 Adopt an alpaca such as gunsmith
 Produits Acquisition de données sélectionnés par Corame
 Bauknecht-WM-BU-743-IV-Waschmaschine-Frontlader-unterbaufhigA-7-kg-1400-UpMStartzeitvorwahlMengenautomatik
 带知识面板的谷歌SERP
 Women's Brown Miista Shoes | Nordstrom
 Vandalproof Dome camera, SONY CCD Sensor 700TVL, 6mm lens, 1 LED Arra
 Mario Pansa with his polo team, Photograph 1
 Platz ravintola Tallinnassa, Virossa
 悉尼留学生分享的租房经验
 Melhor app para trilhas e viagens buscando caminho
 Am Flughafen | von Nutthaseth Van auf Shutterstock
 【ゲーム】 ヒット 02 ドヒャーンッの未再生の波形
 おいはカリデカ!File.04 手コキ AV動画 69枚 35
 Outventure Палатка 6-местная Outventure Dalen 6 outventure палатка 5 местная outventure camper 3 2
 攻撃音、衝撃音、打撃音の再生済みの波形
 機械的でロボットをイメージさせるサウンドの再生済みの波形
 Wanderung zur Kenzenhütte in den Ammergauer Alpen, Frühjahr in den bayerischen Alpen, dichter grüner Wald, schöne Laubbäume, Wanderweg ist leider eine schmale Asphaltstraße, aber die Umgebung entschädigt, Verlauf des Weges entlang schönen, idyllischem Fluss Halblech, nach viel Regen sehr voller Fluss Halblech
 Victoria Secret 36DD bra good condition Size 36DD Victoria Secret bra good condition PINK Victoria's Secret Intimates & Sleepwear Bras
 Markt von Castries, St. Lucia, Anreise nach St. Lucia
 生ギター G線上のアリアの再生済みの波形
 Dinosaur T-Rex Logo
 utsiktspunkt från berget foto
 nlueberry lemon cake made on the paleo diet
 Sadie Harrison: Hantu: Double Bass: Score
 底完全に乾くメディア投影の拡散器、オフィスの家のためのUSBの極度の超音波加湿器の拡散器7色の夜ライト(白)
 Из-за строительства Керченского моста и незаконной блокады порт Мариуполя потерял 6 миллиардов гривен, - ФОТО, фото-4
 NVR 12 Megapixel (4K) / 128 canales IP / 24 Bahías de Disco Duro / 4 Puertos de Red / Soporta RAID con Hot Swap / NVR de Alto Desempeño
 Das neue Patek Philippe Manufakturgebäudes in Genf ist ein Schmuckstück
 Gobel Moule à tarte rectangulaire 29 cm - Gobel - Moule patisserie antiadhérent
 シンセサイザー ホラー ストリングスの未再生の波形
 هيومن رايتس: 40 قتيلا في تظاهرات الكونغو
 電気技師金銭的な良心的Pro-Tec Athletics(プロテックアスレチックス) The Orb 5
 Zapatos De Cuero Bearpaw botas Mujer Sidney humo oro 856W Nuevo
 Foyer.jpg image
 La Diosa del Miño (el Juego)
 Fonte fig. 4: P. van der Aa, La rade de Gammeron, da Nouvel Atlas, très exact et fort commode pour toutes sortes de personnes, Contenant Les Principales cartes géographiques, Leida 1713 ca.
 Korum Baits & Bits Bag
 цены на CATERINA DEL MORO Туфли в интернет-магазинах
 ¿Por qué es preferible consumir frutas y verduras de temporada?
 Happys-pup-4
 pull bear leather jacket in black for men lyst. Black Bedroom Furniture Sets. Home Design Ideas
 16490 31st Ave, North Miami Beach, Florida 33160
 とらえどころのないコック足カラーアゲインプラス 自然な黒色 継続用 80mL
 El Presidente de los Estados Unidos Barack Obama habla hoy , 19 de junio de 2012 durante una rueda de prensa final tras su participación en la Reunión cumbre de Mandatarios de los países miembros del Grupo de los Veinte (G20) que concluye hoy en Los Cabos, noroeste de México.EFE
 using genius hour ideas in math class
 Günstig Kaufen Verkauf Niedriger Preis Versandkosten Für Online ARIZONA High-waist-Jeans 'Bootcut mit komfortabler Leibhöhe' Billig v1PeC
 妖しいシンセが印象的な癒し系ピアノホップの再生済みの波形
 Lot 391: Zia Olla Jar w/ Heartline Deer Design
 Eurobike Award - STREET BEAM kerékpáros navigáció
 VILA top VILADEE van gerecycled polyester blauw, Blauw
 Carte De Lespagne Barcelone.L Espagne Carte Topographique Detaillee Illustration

.....

- Problem to work on: If a line in the records above holds the string "Design", copy it out.

- Reply:
 pull bear leather jacket in black for men lyst. Black Bedroom Furniture Sets. Home Design Ideas
 Lot 391: Zia Olla Jar w/ Heartline Deer Design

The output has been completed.